Our time in Paris was short, and there was so much more to explore than we were able to during our stay, but we exerted ourselves to visit Giverney via the Fat-Tire bike tour. Oh! What a garden!


My love for Monet and other Impressionist painters began when I was young. I loved to sit in front of the Water Lilies at the Cleveland Museum of Art. It became a part of me. I felt I breathed blue and purple when I took my  time with the painting. The chance to see the gardens of inspiration was a golden light for our trip.

We began at Gare St-Lazare, the very train station Monet used for his exciting painting of smoke and steam.  On our morning visit, we did not have the same colors and bustle of late 1870s, but we stood on the platforms looking at the trains and knew we were part of the stream of existence, part of the bustle of technology and modernity that had attracted Monet and continues to demand expression by artists today. Our tour guide, Peter, had a blue book under his arm that he referenced and shared during our train ride to Vernon. He was obviously in love with his subject and the sharing excursion that we were undertaking.

The Old Mill on a remnant of a bridge in Vernon
The day was cloudy, but we had been promised a bike tour rain-or-shine. The clouds were being temperamental.  We would be drenched in a steady rain, and then the sun would break out in a blue sky. We collected our bikes from garages in a courtyard that was not far from one of the old churches that Monet had painted. We biked in the wobbly shadows of the half-timbered houses that seemed to lean into the road as our guide led us to a market. At the market stop, the booths were set up in the center of a busy area that was lined with shops and bakeries. The booths were filled with fresh produce, and one shop had grilled chicken. We found fruit and cider; Jon found a lovely bakery and grabbed the last brie-stuffed baguette. With lunch stowed away in our backpacks, we were ready to continue to our picnic spot. The sky, blessing us with sunshine, gave us a chance to cross the Seine – it seemed a fairly calm river in Normandy – and find the park by the Old Mill and the Tourelles Castle.


Walking past Hotel Baudy toward the gardens.
After lunch and more stories about Monet  from Peter, we continued through a few more streets to a bike path in a park. The park road wound behind the houses, and the atmosphere changed. Even the weeds seemed to preen and boast of their nearness to Giverney, and the sun kept visiting us. I could hear the birds, but they stayed covered. We biked on Rue Claude Monet into the site, past the Hotel Baudy, and stored our bikes by a field.

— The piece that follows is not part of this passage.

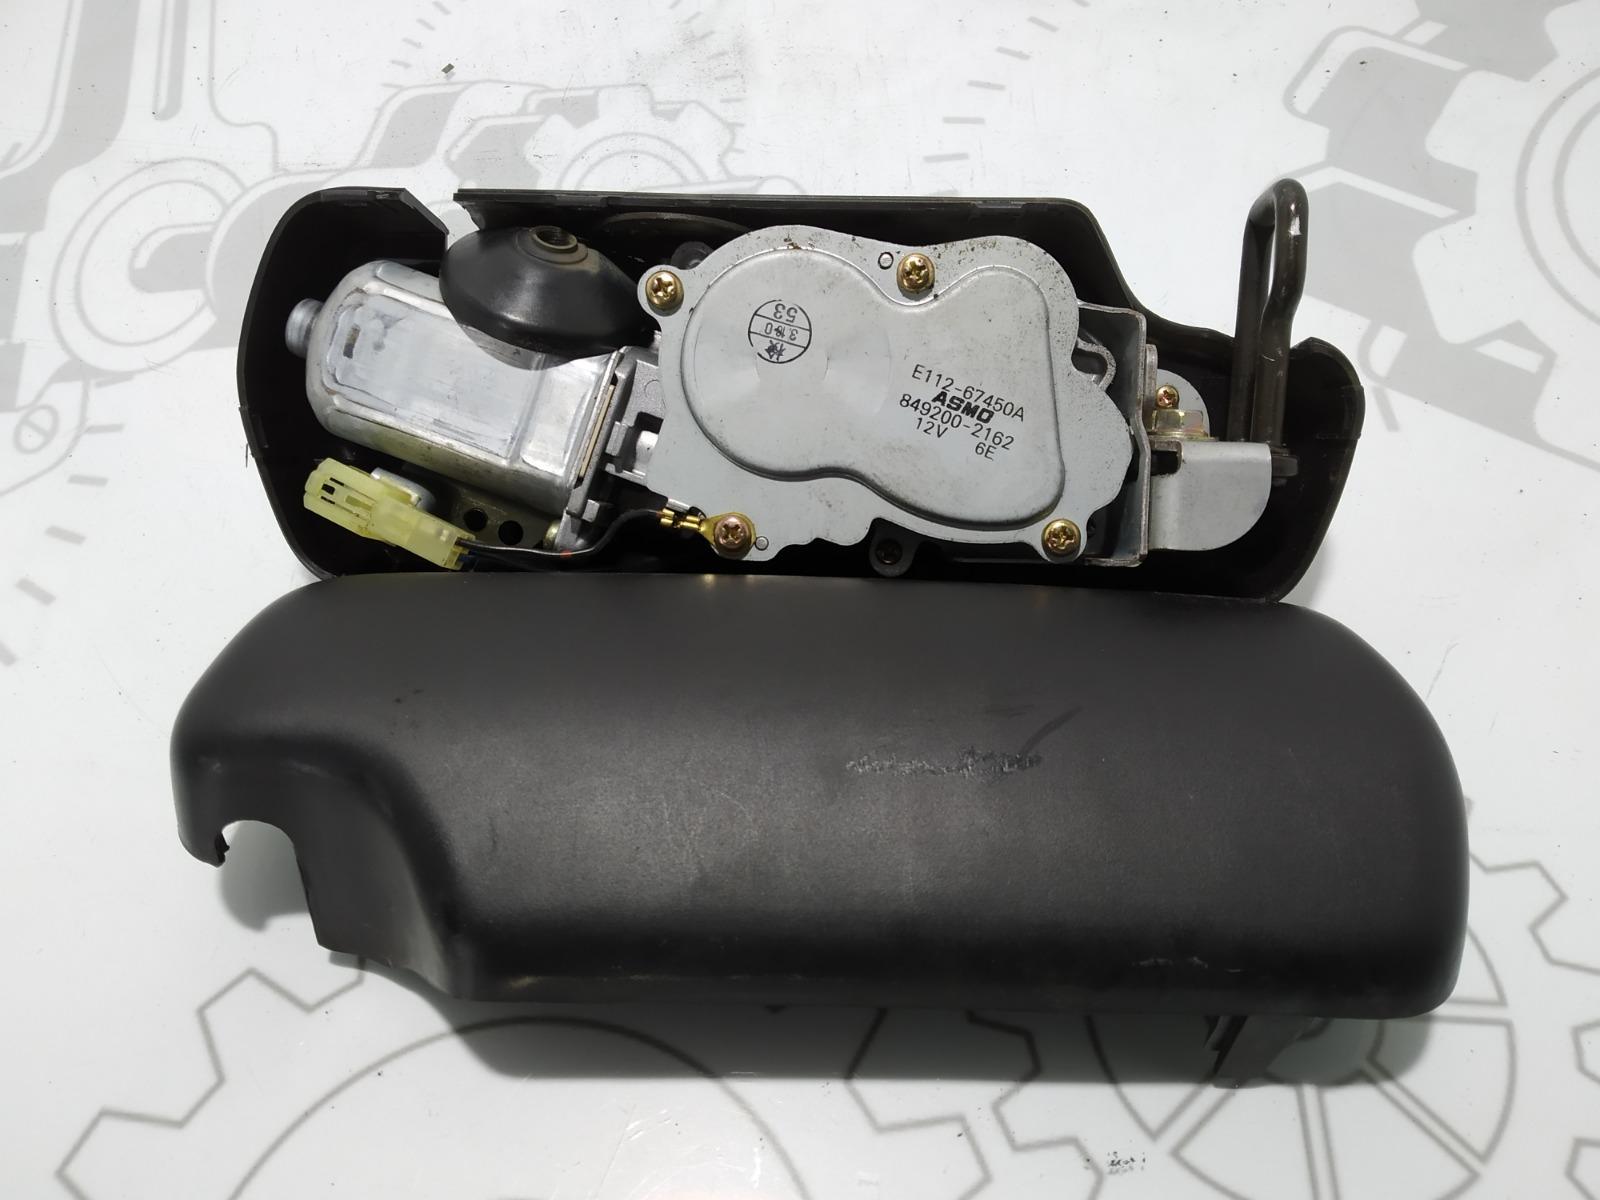 Моторчик заднего стеклоочистителя (дворника) Mazda Tribute 3.0 I 2004 (б/у)

Nothing can actually describe the garden. The visual impact would necessitate too many words. One breathes in color, light, and the essence of nature’s grand beauties assembled through each small bloom. The plants here do not have the pompous display of the crowned colors of a bird of paradise that seems to want to stand alone.  The blooms seem to be grown to enjoy each other.  Entering the garden one notes the points of color that tempt one to release the paint from the brush tip. 

Poppies next to the church by Monet's grave site
After touring the gardens and the house, we stopped by the church where Monet is buried with other family members. Everything was white: the marble cross, the church stones. The most touching memorial, for me, was the spray of poppies growing between the church wall and the gravel. We retraced our way back to Vernon. Returning to the train station. Again, it began to rain.

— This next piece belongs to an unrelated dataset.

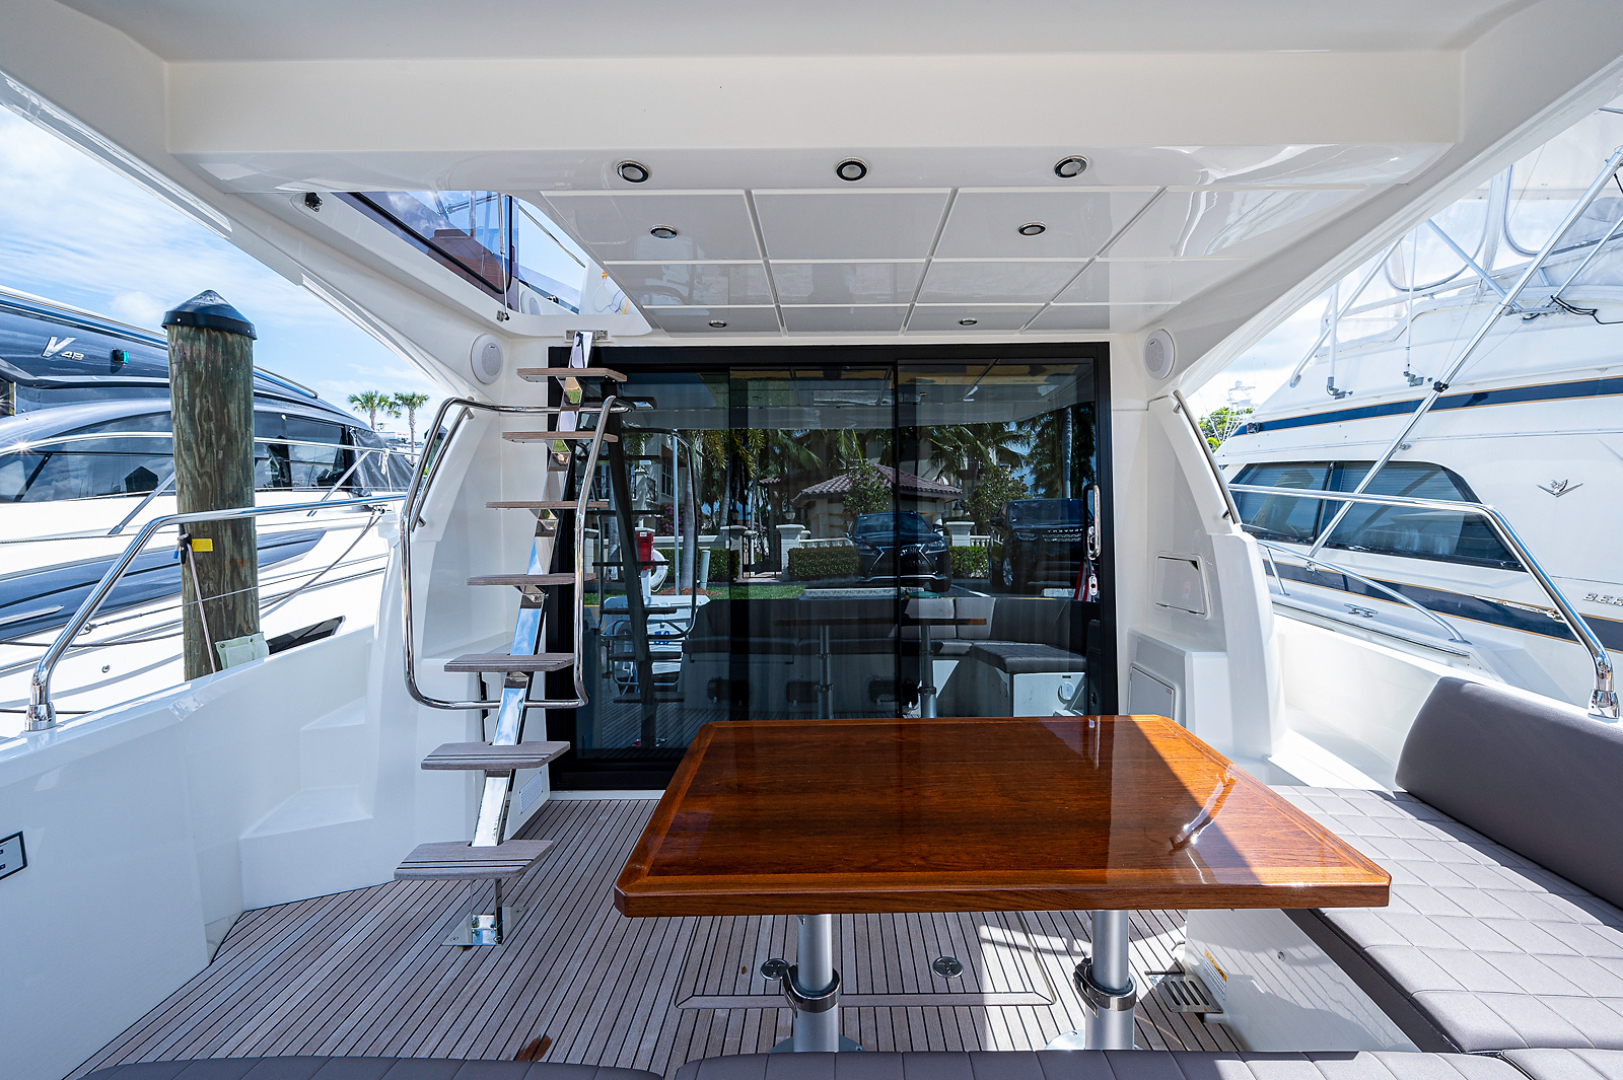 Prestige-460 Flybridge 2018-SEAQUEL Palm Beach Gardens-Florida-United States-Cockpit -1351137 | Thumbnail

The gardens prepared me for the visit the following day to Musee de L’Orangerie only by intensifying the impact of the rooms of Water Lilies. Every moment of love and wonder I had felt since I was twelve, each moment of visual joy experienced at Giverney, every ounce of empathy I had shared as an artist washed over me when I entered the first room wreathed in four versions of Water Lilies. I cried.

All the pictures were taken by myself and my husband.